该示例也主要通过 Pandas 进行,因为它是一种从行转换为列以创建每个 RecordBatch 的便捷方法,但是还有其他不需要 pandas 的创建每个 RecordBatch 的方法。
import itertools
import pandas as pd
import pyarrow as pa
import pyarrow.parquet as pq
# Any iterable that yields rows as tuples
def get_rows():
for i in range(0, 10000):
yield (1, 2)
# Chunk the rows into arrow batches
def get_batches(rows_iterable, chunk_size, schema):
rows_it = iter(rows_iterable)
while True:
batch = pa.RecordBatch.from_pandas(
pd.DataFrame(itertools.islice(rows_it, chunk_size), columns=schema.names),
schema=schema, preserve_index=False,
)
if not batch:
break
yield batch
# Could be inferred from data, but note that the schema has to be
# known when creating the ParquetWriter object
schema = pa.schema([
('a', pa.int32()),
('b', pa.int32()),
])
rows = get_rows()
batches = get_batches(rows, chunk_size=1000, schema=schema)
# Write the batches
with pq.ParquetWriter('example.parquet', schema=schema) as writer:
for batch in batches:
writer.write_batch(batch)
here了解它们的含义,但简短的版本是柱状数据仅限于多行的块,并且每个块可以单独附加到文件中。 您可以使用 PyArrow 为传入数据流实现此功能。

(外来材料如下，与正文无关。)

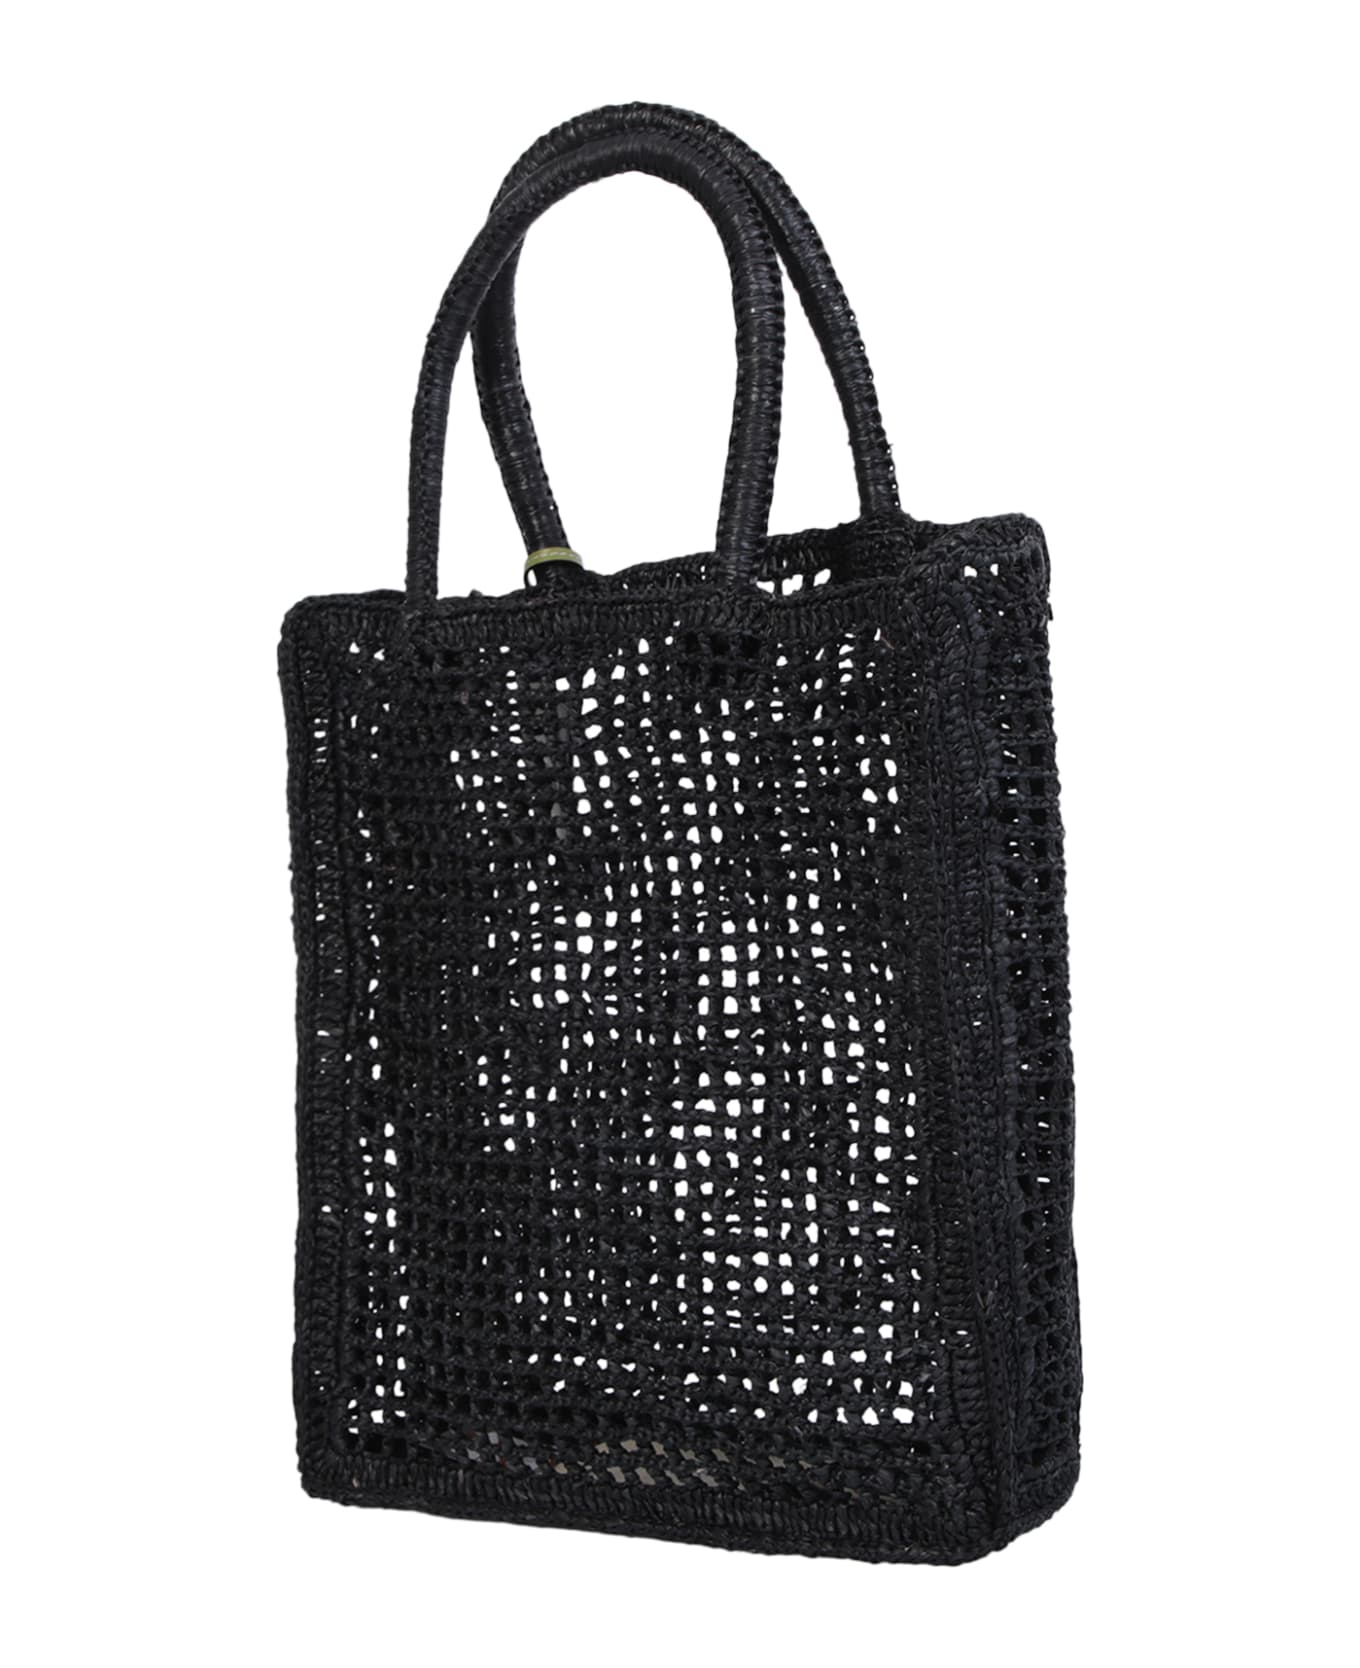 Manebi Woven Raffia Black Bag By Manebi - Black
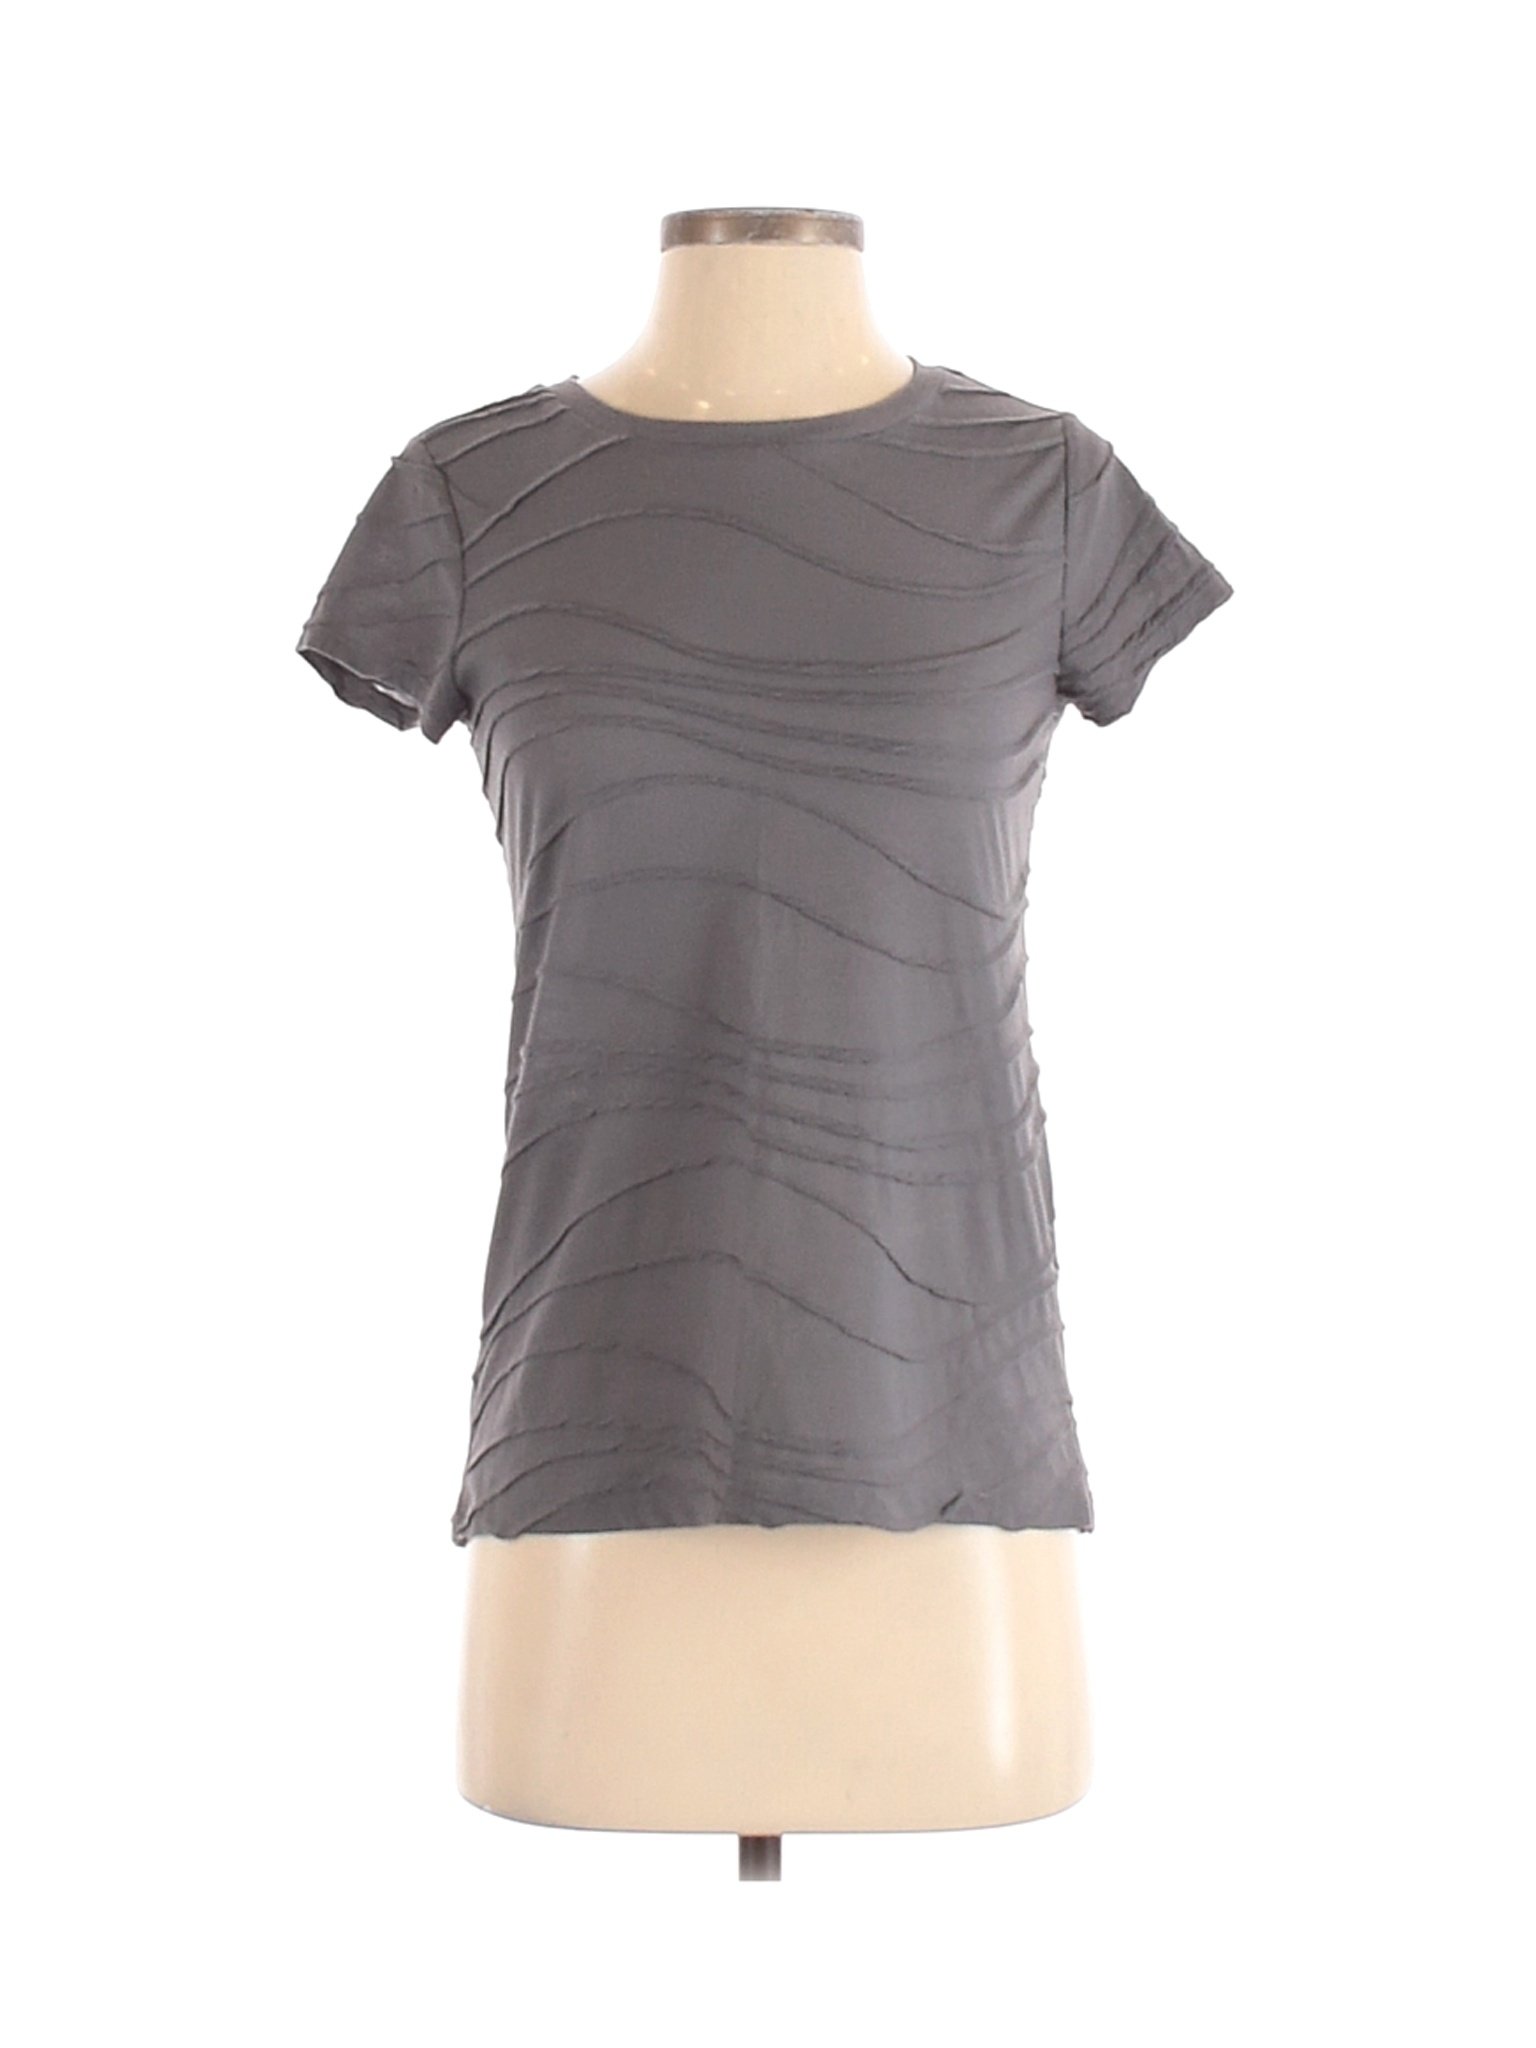 Simply Vera Vera Wang Women Gray Short Sleeve Top XS | eBay

首先,我们需要定义一个适配器类,用于在 Python 的 IO 类风格和 app-iter 风格之间调整字节:
"""Circular bytes buffer to adapt iterator vs. BytesIO approach when streaming from a web server."""
from io import BytesIO
class CircularBytesBuffer:
"""BytesIO mock up with a circular buffer.
- This is used as an adapter between Python's WSGI web server `response.app_iter`
and Python file writer (BytesIO) model.
- Buffer can be flushed partially, so we do not buffer everything in the memory at once,
but we stream it incrementally over the web server response.
Implement enough methods that we can satisfy ParquetWriter.
- https://docs.python.org/3/library/io.html#io.IOBase
- https://stackoverflow.com/questions/38256689/how-do-i-validate-an-implementation-of-pythons-iobase
"""
def __init__(self):
self.buffer = BytesIO()
self.written = 0 # Track total written bytes as we keep recreating the buffer
self.closed = False
def flush_buffer(self) -> bytes:
b = self.buffer.getvalue()
self.buffer.seek(0)
self.buffer.truncate(0)
return b
def write(self, b: bytes):
self.buffer.write(b)
self.written += len(b)
def seek(self, offset, whence=0):
raise NotImplementedError()
def read(self, size=-1):
raise NotImplementedError()
def tell(self):
return self.written
def close(self):
self.closed = True
然后我们定义
response.app_iter
传递的生成器函数来传输回复
max_bytes
计数器来跟踪我们已流式传输到响应的字节数
def _generate_liquidity_candles_parquet(
query_generator: Iterable[tuple],
max_bytes: int,
dbession: Session,
):
"""Stream Parquet Uniswap v3 CLMM candles."""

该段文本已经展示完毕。